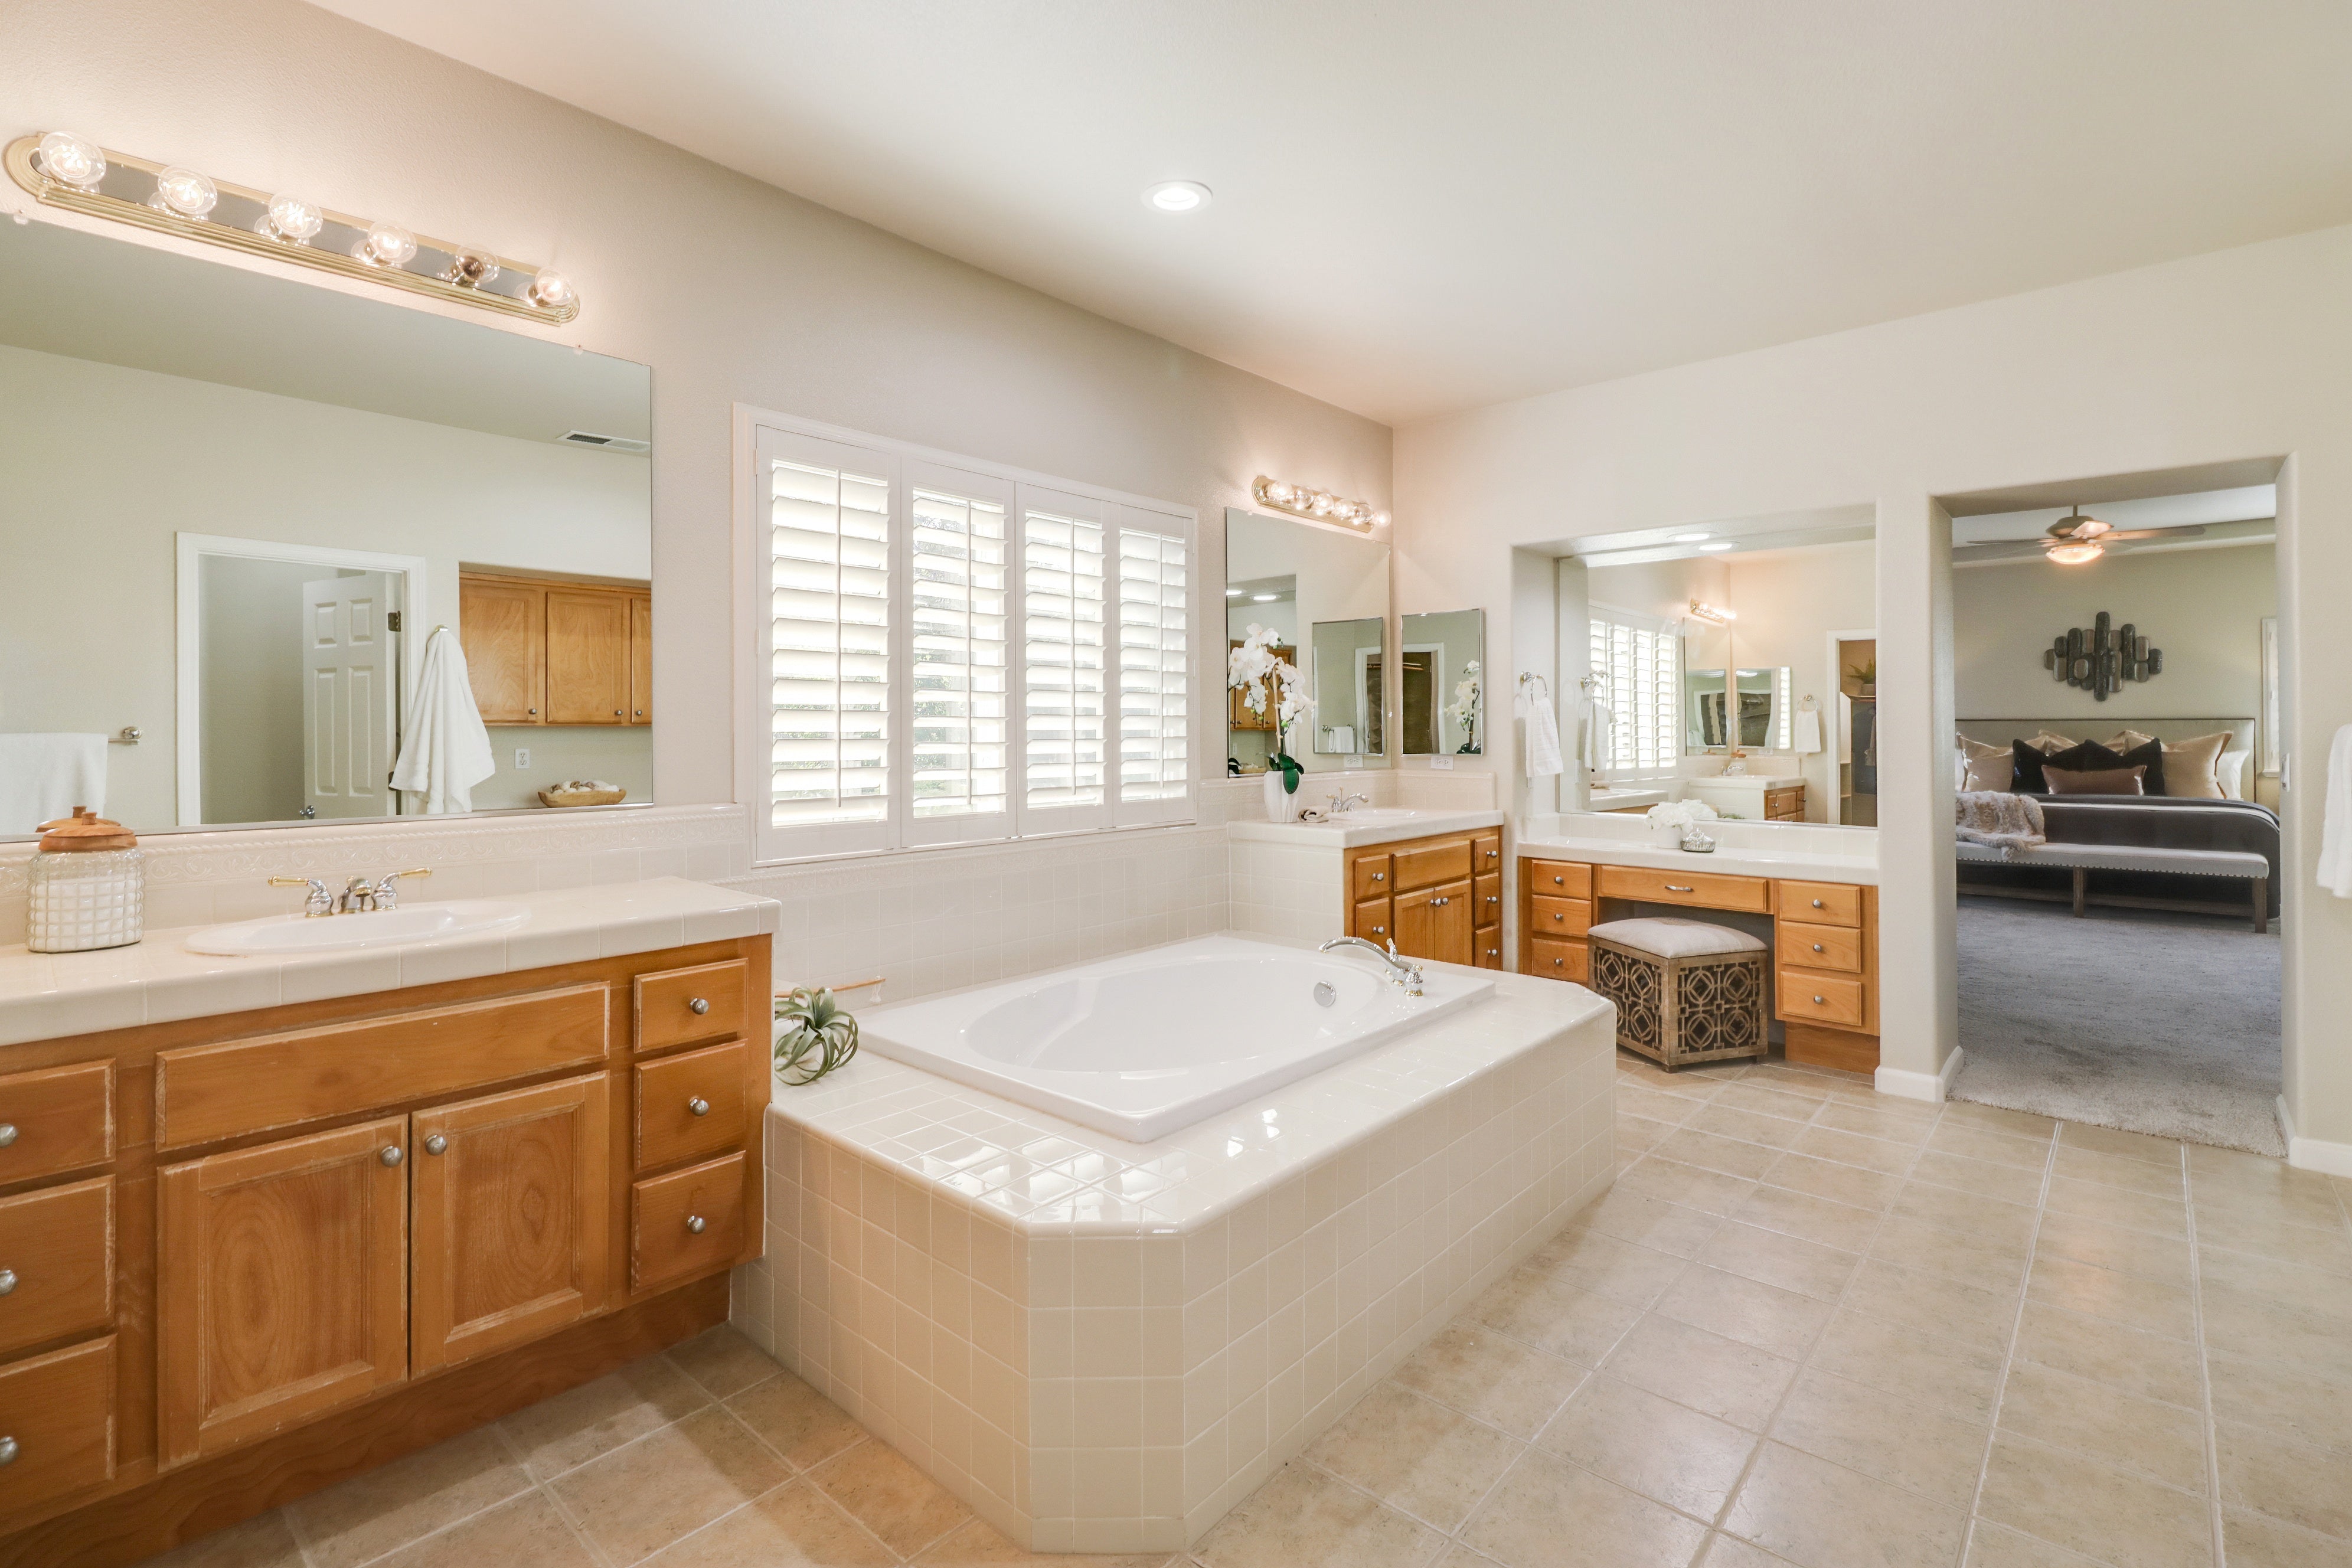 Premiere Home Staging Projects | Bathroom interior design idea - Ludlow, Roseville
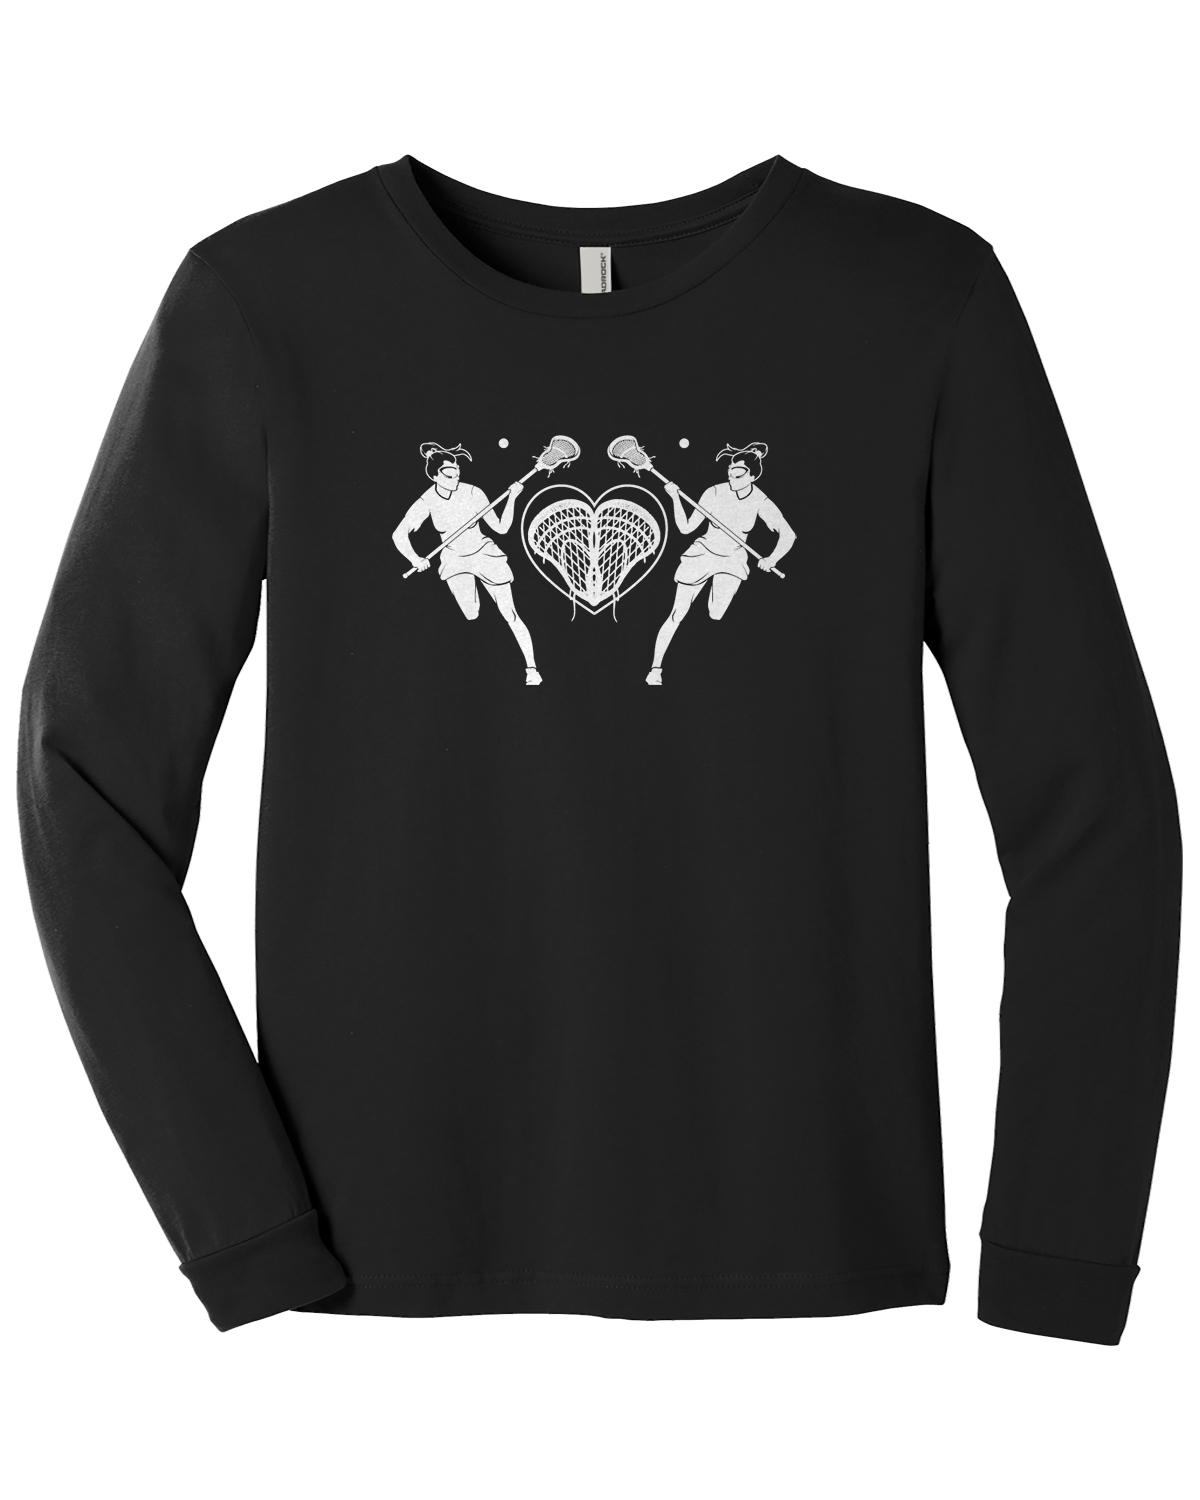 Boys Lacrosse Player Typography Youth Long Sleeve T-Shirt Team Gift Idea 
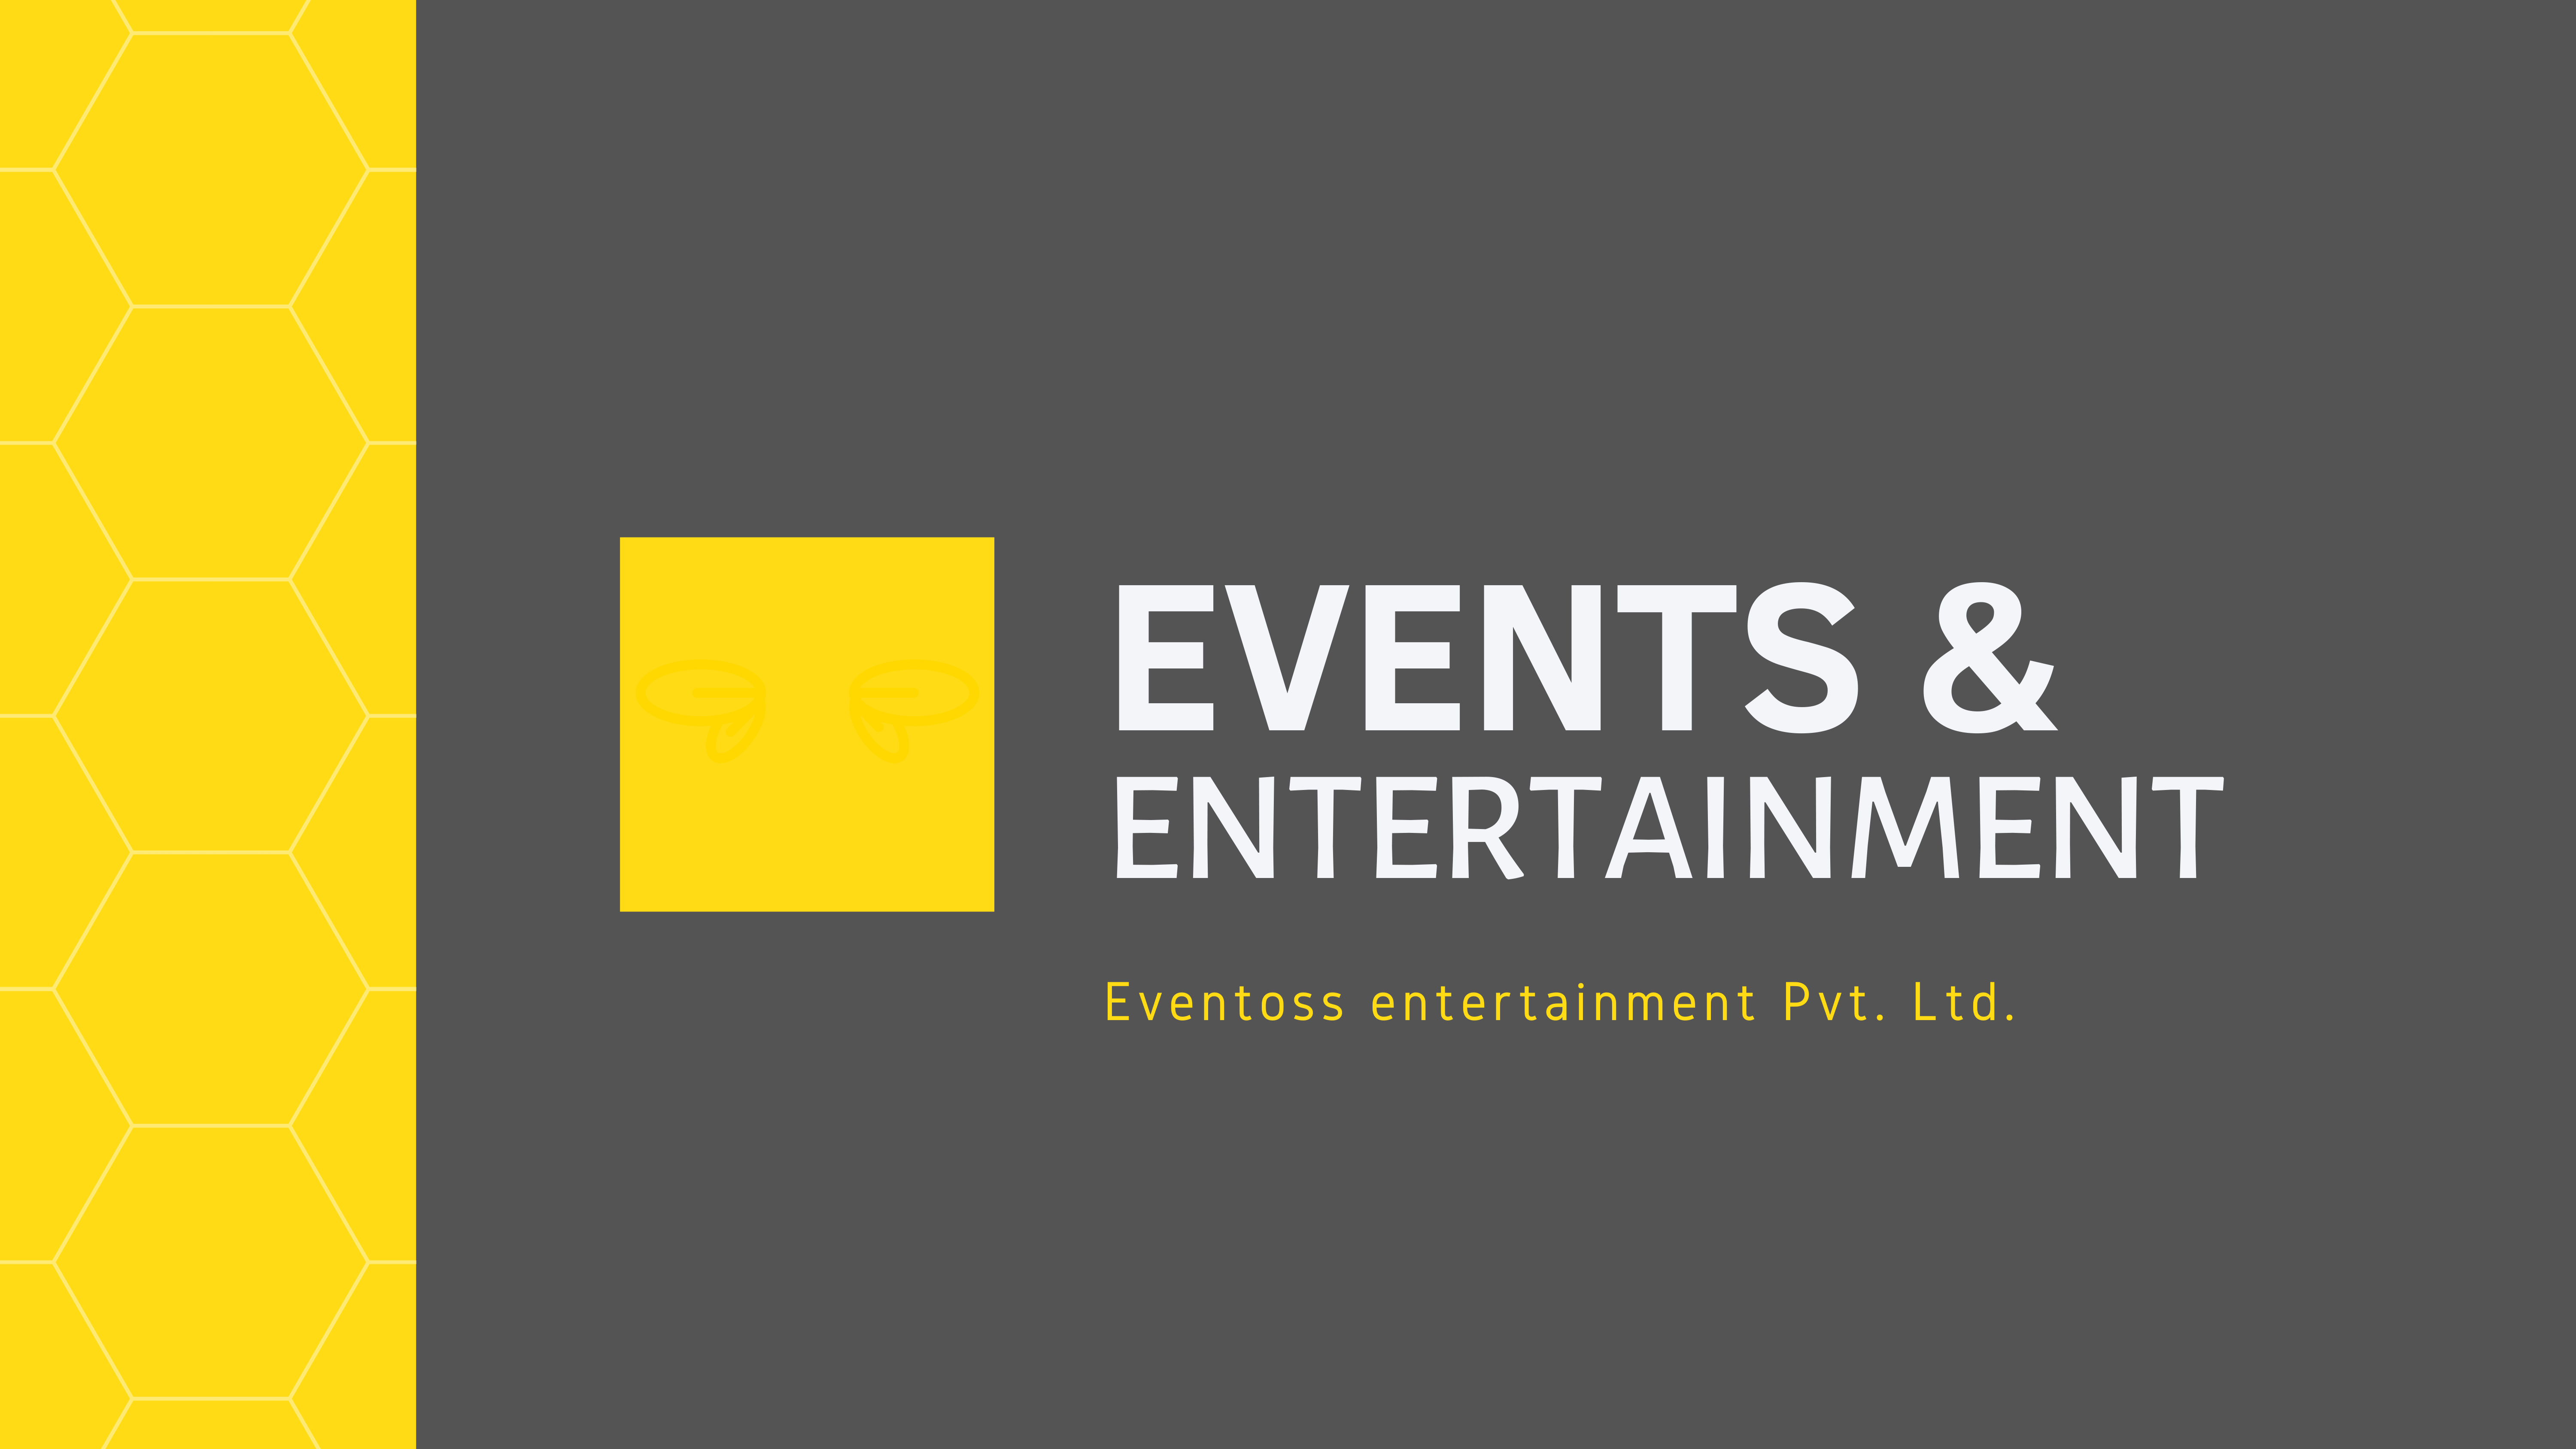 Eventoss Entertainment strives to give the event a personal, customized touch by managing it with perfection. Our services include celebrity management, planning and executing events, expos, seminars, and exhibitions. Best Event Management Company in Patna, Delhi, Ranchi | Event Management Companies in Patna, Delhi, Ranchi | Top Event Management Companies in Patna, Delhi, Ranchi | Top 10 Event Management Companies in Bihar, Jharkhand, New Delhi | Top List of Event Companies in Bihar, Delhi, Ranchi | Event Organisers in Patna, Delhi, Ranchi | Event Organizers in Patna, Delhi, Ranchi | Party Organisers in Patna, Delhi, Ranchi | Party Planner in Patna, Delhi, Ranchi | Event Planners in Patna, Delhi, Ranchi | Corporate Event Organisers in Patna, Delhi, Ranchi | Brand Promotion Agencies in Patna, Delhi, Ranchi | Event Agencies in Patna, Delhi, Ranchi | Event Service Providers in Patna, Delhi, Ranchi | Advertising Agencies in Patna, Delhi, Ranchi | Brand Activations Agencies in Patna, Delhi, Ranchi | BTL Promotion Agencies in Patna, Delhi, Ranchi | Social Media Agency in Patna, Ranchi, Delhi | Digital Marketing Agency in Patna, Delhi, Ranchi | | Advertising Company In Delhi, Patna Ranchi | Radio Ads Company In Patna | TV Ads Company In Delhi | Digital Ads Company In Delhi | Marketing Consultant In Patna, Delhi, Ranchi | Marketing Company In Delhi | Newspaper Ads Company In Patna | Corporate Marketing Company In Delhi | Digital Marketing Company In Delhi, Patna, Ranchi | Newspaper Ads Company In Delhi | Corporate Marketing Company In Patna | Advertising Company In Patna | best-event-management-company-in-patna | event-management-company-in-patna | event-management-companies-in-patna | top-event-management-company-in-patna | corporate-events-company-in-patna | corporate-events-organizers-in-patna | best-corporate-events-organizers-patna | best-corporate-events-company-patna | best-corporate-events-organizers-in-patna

= = =

**Activity:** Quote, exactly and only, the lines from the first line of the data above through the line containing "Boys Lacrosse Player". The pictures do not belong in it.

**Completed task:**
 Premiere Home Staging Projects | Bathroom interior design idea - Ludlow, Roseville
 Boys Lacrosse Player Typography Youth Long Sleeve T-Shirt Team Gift Idea 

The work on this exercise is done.